Checks if a profile binding is suppported by an IDP.

Parameters:

realm - Realm the IDP is in.

idpEntityID - IDP entity id.

profile - name of the profile/service

binding - binding to be checked on

Returns:

true if the binding is supported; false otherwise.

isRelayStateURLValid

public static boolean isRelayStateURLValid(javax.servlet.http.HttpServletRequest request,
                                           String relayState,
                                           String role)

Convenience method to validate a SAML2 relay state (goto) URL, often called from a JSP.

Parameters:

request - Used to help establish the realm and hostEntityID.

relayState - The URL to validate.

role - The role of the caller.

Returns:

true if the relayState is valid.

isRelayStateURLValid

public static boolean isRelayStateURLValid(String metaAlias,
                                           String relayState,
                                           String role)

Convenience method to validate a SAML2 relay state (goto) URL, often called from a JSP.

Parameters:

metaAlias - The metaAlias of the hosted entity.

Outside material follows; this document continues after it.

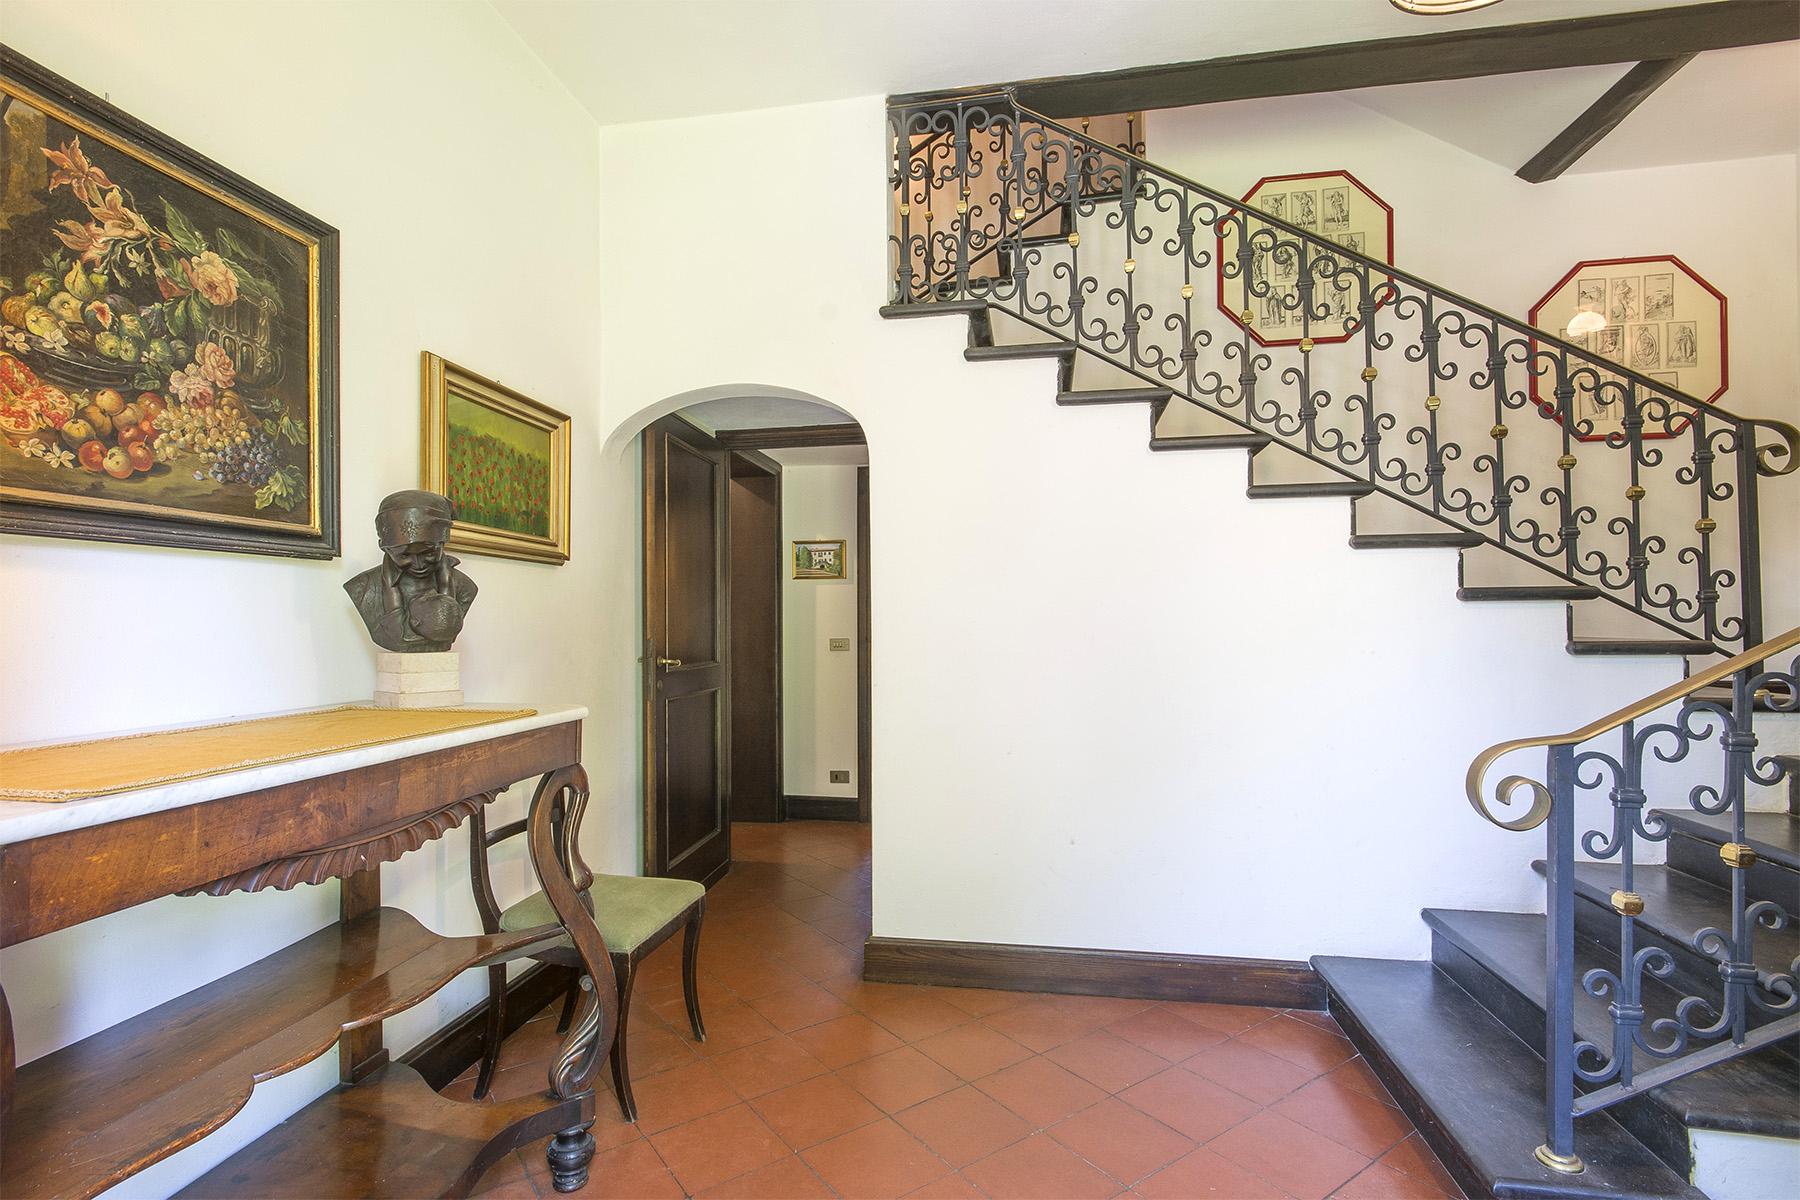 Villa in Vendita a Lucca: 5 locali, 600 mq - Foto 16

relayState - The URL to validate.

role - The role of the caller.

Returns:

true if the relayState is valid.

validateRelayStateURL

public static void validateRelayStateURL(String orgName,
                                         String hostEntityId,
                                         String relayState,
                                         String role)
                                  throws SAML2Exception

Validates the Relay State URL against a list of valid Relay State URLs created on the hosted service provider.

Parameters:

orgName - realm or organization name the provider resides in.

hostEntityId - Entity ID of the hosted provider.

relayState - Relay State URL.

role - IDP/SP Role.

Throws:

SAML2Exception - if the processing failed.

sendRequestToOrigServer

public static HashMap sendRequestToOrigServer(javax.servlet.http.HttpServletRequest request,
                                              javax.servlet.http.HttpServletResponse response,
                                              String sloServerUrl)

Sends the request to the original Federation server and receives the result data.

Parameters:

request - HttpServletRequest to be sent

response - HttpServletResponse to be received

sloServerUrl - URL of the original federation server to be connected

Returns:

HashMap of the result data from the original server's response

createCookie

public static javax.servlet.http.Cookie createCookie(String cookieName,
                                                     String cookieValue,
                                                     String cookieDomain,
                                                     String path)

Creates a Cookie with the cookieName, cookieValue for the cookie domains specified.

TODO: Copied from AuthClientUtils Refactor

Parameters:

cookieName - is the name of the cookie

cookieValue - is the value fo the cookie

cookieDomain - Domain for which the cookie is to be set.

path - The path into which the cookie shall be set

Returns:

the cookie object.

isIgnoreProfileSet

public static boolean isIgnoreProfileSet(Object session)
                                  throws SessionException

Return true if the User for this session has a profile set to Ignore

Parameters:

session - session object of the user

Returns:

true if the User for this session has a profile set to Ignore

Throws:

SessionException

getSingleValuedSessionProperty

public static String getSingleValuedSessionProperty(Object session,
                                                    String propertyName)
                                             throws SessionException

Returns the first value of the session property.

Parameters:

session - The session object.

propertyName - The property's name that needs to be returned.

Returns:

The property value derived from the session object.

Throws:

SessionException - If there was a problem while retrieving the session property.